■ **MATERIAL PROVIDED**:
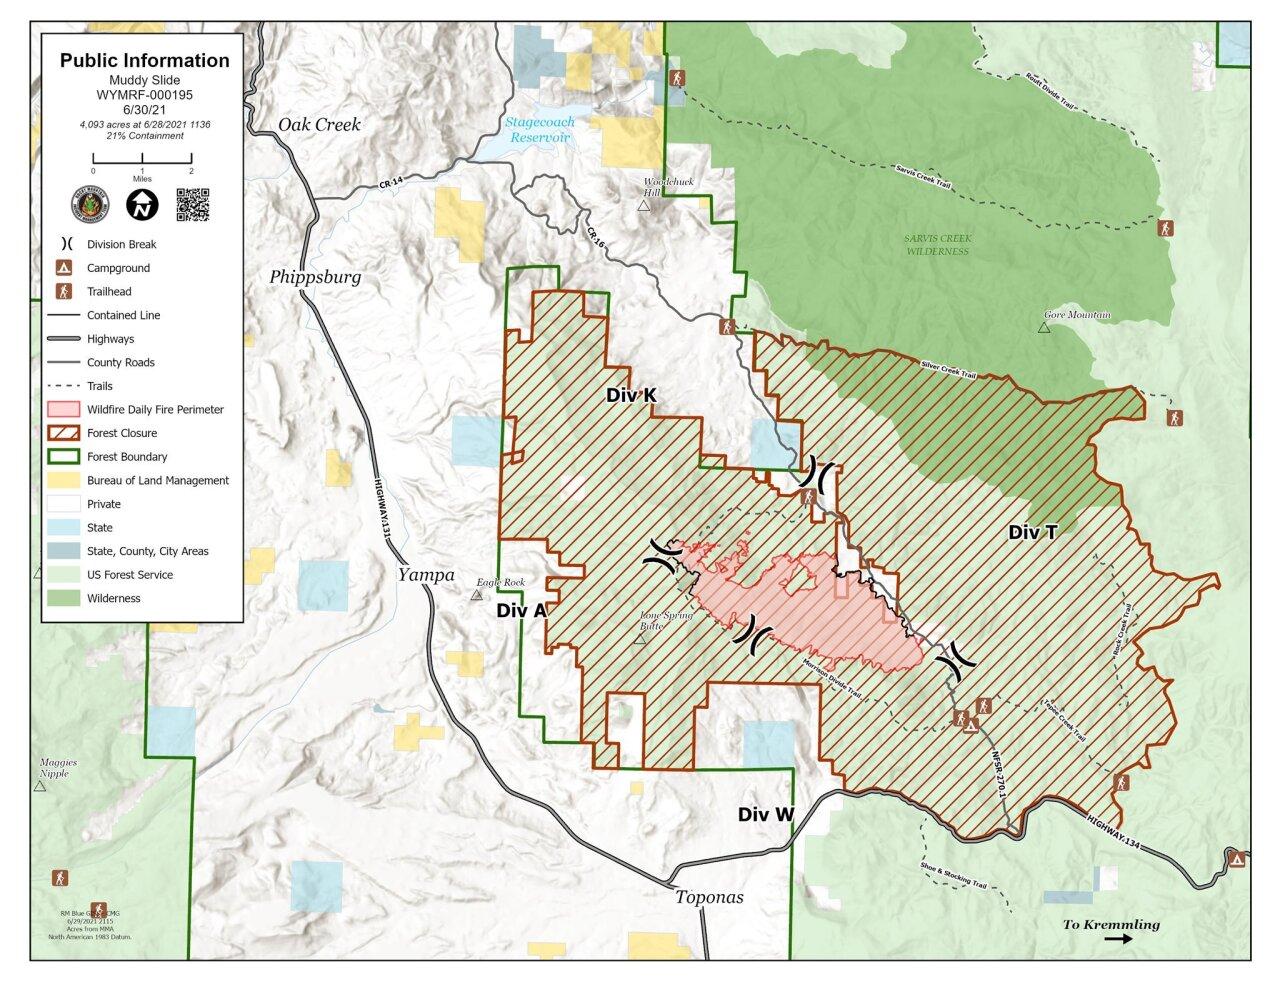 Muddy Slide Fire map_June 30 2021
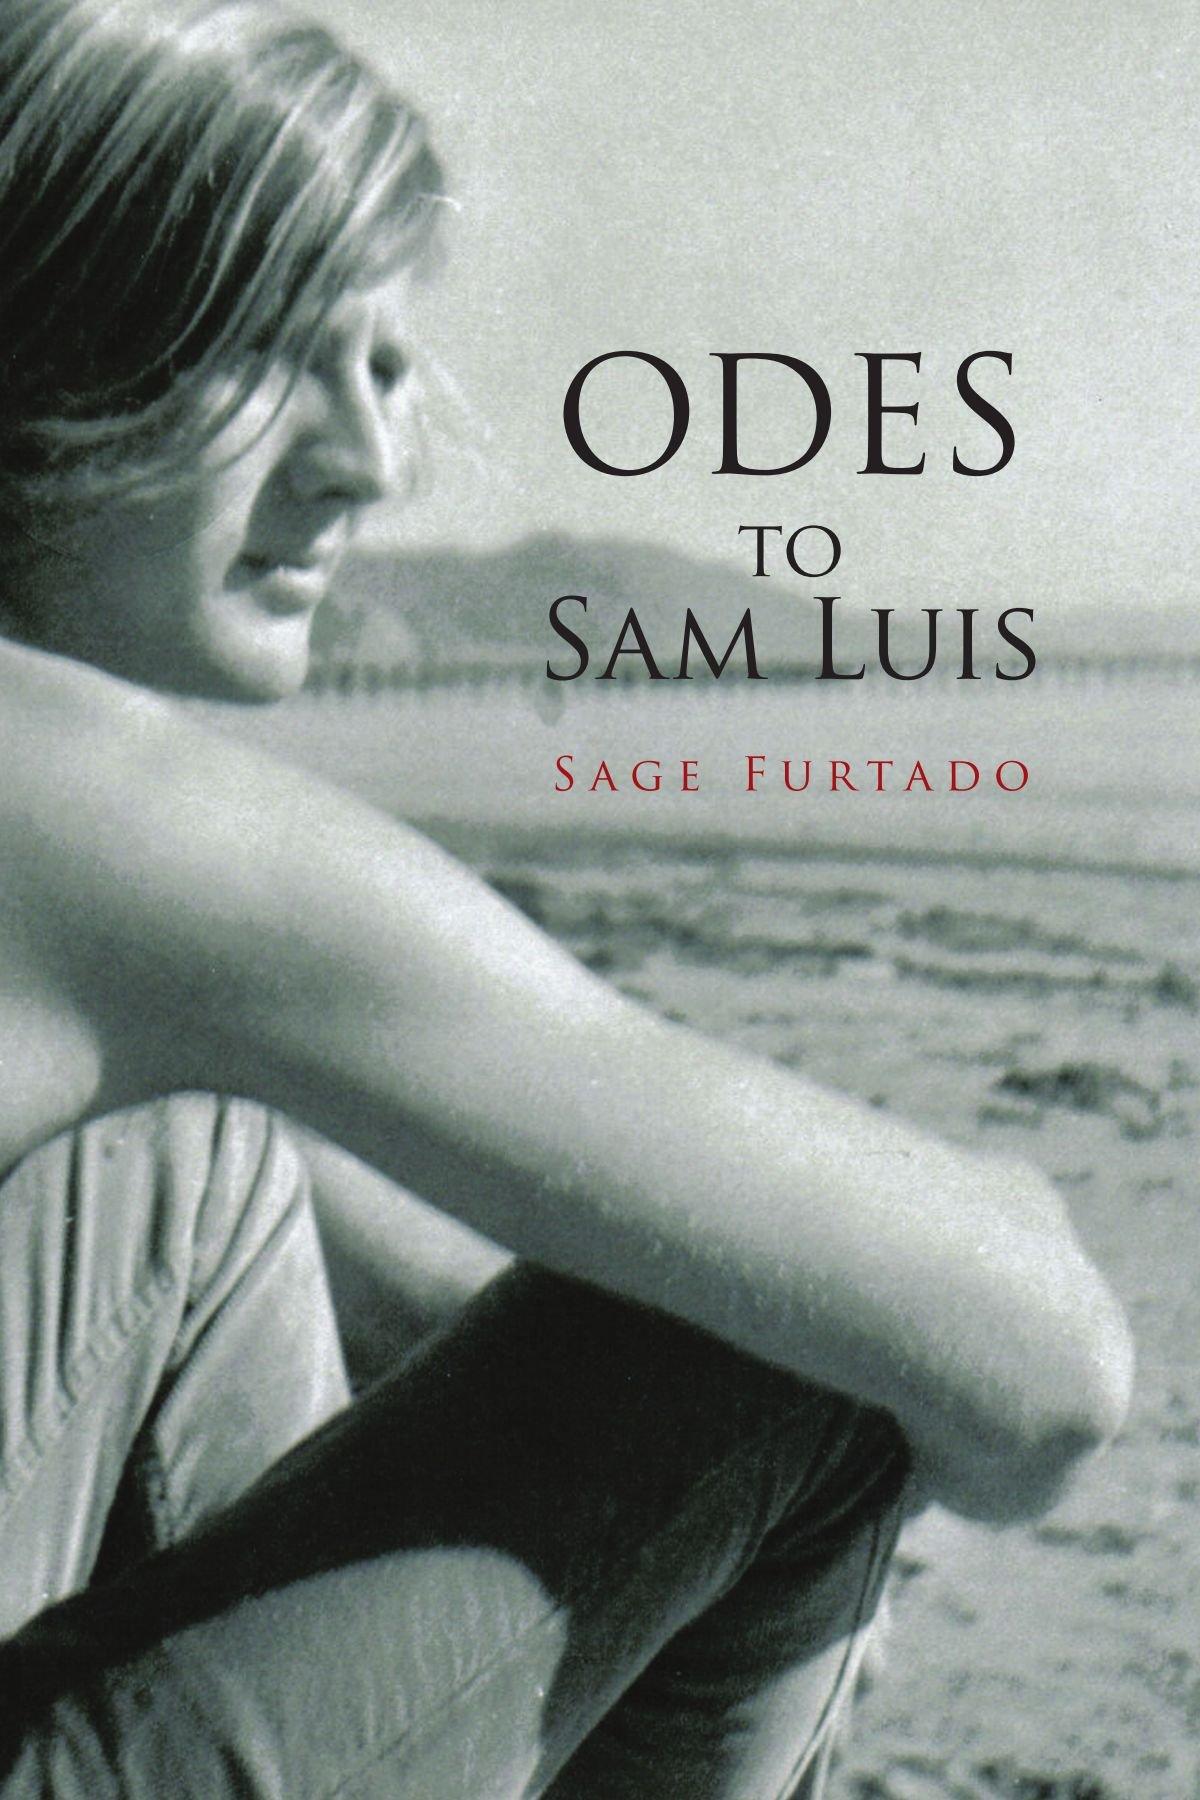 ODES to Sam Luis
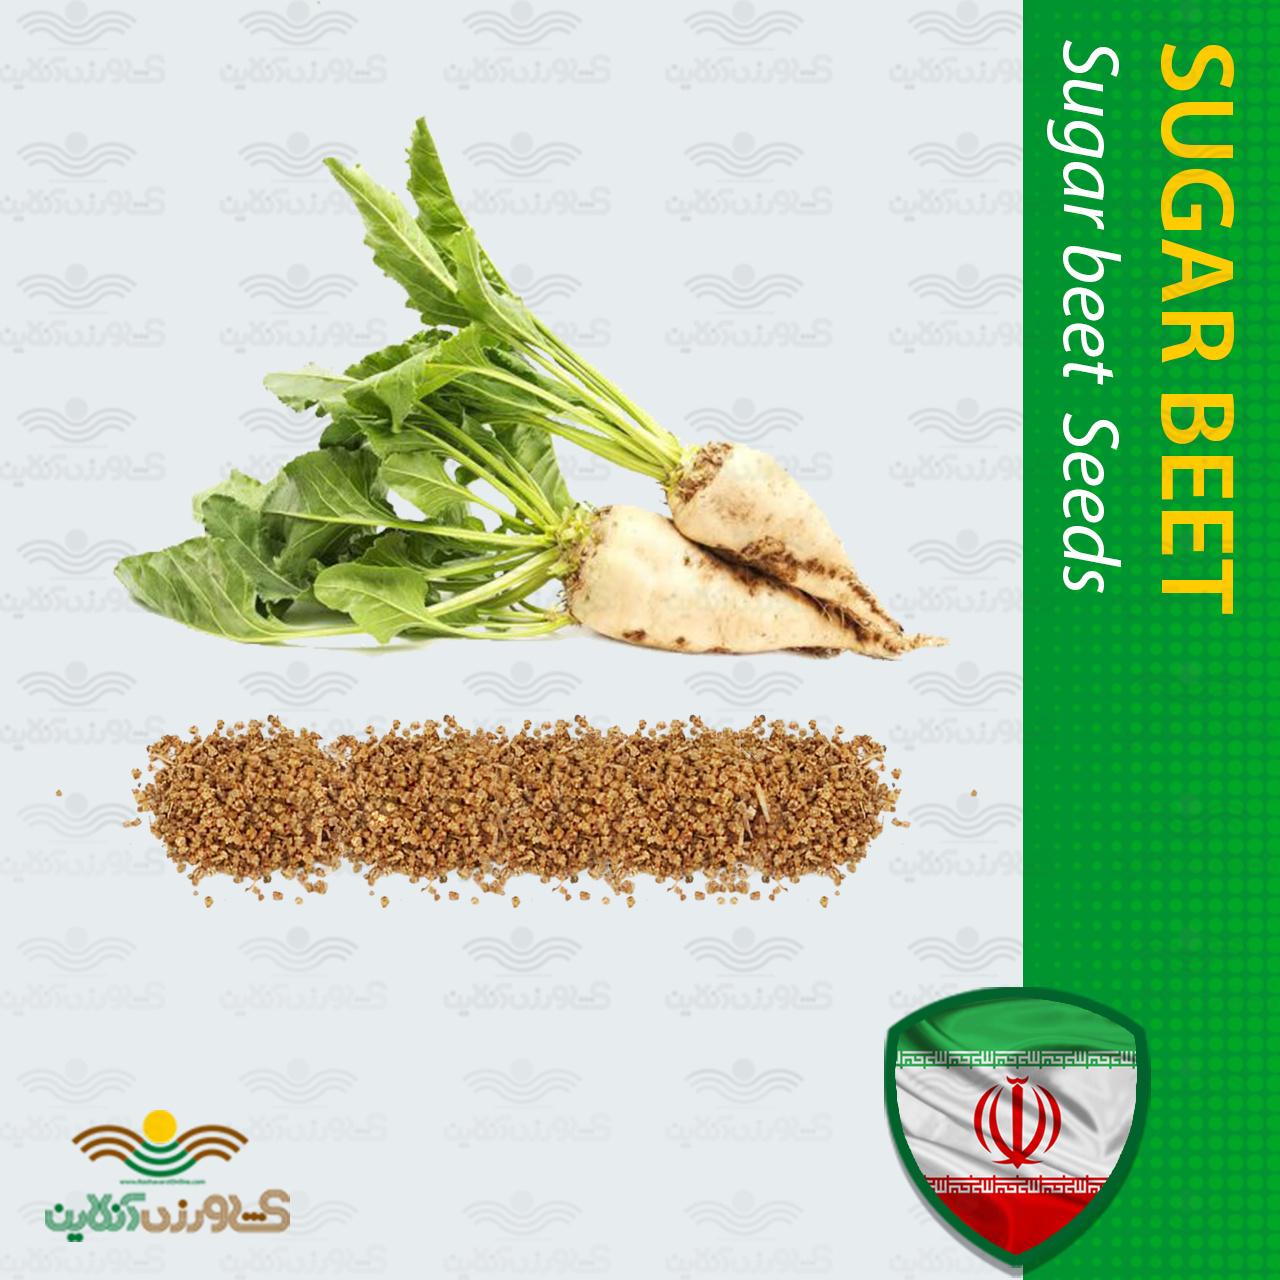 بذر چغندر قند و روش کاشت

■ **PROBLEM DESCRIPTION**:
Give back the material above exactly, without pictures.

■ **OUTPUT FOR THIS TASK**:
 Muddy Slide Fire map_June 30 2021
 ODES to Sam Luis
 بذر چغندر قند و روش کاشت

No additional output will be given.